Consider holding a carton of milk in your hand. The force of the bicep muscle actsat an angle of 15 degrees to the vertical, while the weight of the arm and the milk both act downwards. The distance from the elbow to where the bicep muscle is attached via the distal bicep tendons to the radius and ulna bones is 5 cm. the distance from the elbow to the hand, holding the milk, is 35 cm. the forearm has a mass of 4 kg and the milk carton a mass of 2 kg. Assuming the forearm is kept perfectly horizontal, find the tension in the bicep muscle. As a function of the angle of the forearm with respect to the horizontal direction ( as the forearm is lowered) calculate the tension in the bicep muscle. Include a plot of tension in the bicep as a function of the angle of the forearm relative to the horizontal

To solve this problem, we need to break it down into individual components and apply the principles of equilibrium. Let's start by identifying the forces acting on the system:

1. Force from the bicep muscle: This force acts at an angle of 15 degrees to the vertical and is the force that we need to find (let's call it T).

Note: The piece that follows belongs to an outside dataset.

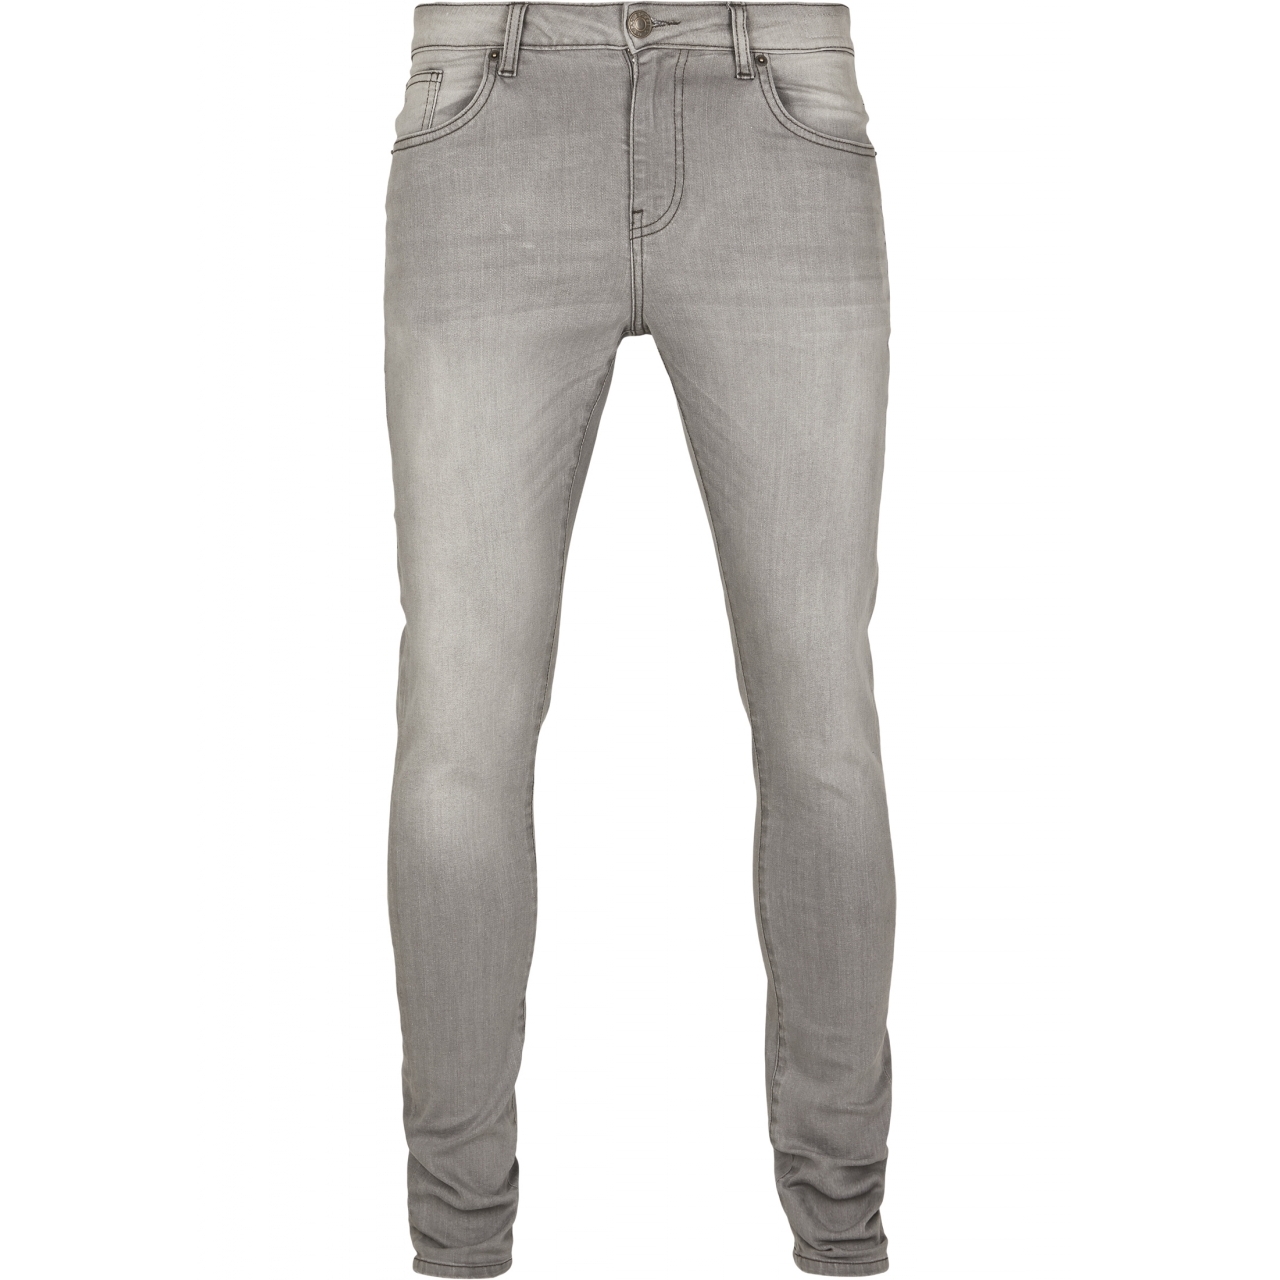 Džíny Urban Classics Slim Fit Jeans - šedé, 28/32

2. Weight of the arm: This force acts vertically downwards and is equal to the product of the mass of the forearm and the acceleration due to gravity (4 kg * 9.8 m/s^2 = 39.2 N). Let's call it W1.

3. Weight of the milk carton: This force also acts vertically downwards and is equal to the product of the mass of the milk carton and the acceleration due to gravity (2 kg * 9.8 m/s^2 = 19.6 N). Let's call it W2.

Let's define the coordinates for our calculations:
- x-axis: Horizontal direction from the elbow towards the hand
- y-axis: Vertical direction pointing upwards

Now, let's draw a free-body diagram to visualize the forces acting on the system. The bicep force has horizontal and vertical components, while the weights act solely in the vertical direction.

```
|
| T sin(15°)
|
|---------
| | (35 cm)
| |
| |
| Forearm
| (4 kg)
---------|------------------
| |
| | W2
| |
| |
| |
| | W1
| |
```

From the diagram, we can see that in the vertical direction (y-axis), the forces balance each other: T sin(15°) = W1 + W2.

Next, let's consider the horizontal direction (x-axis). There is no horizontal acceleration, so the forces in this direction should also balance each other. The horizontal component of the bicep force can be calculated by T cos(15°).

Since the forearm is held horizontally, the horizontal component of the bicep force must equal the sum of the weights in the horizontal direction.

T cos(15°) = 0 (no horizontal acceleration) + 0 (no horizontal acceleration)

Now, we have two equations for our system:

Equation 1: T sin(15°) = W1 + W2
Equation 2: T cos(15°) = 0 + 0

Let's solve Equation 1 for T:

T = (W1 + W2) / sin(15°)

Substituting the known values: T = (39.2 N + 19.6 N) / sin(15°)

T ≈ 190.5 N

Now we can plot the tension (T) in the bicep muscle as a function of the angle of the forearm relative to the horizontal. To do this, we need to vary the angle and recalculate T using the formula we derived above.

The plot will show that as the forearm is lowered (angle decreases), the tension in the bicep muscle increases. The graph will have a positive slope, indicating an increasing trend.

I hope this explanation helps you understand how to solve the problem and create the plot.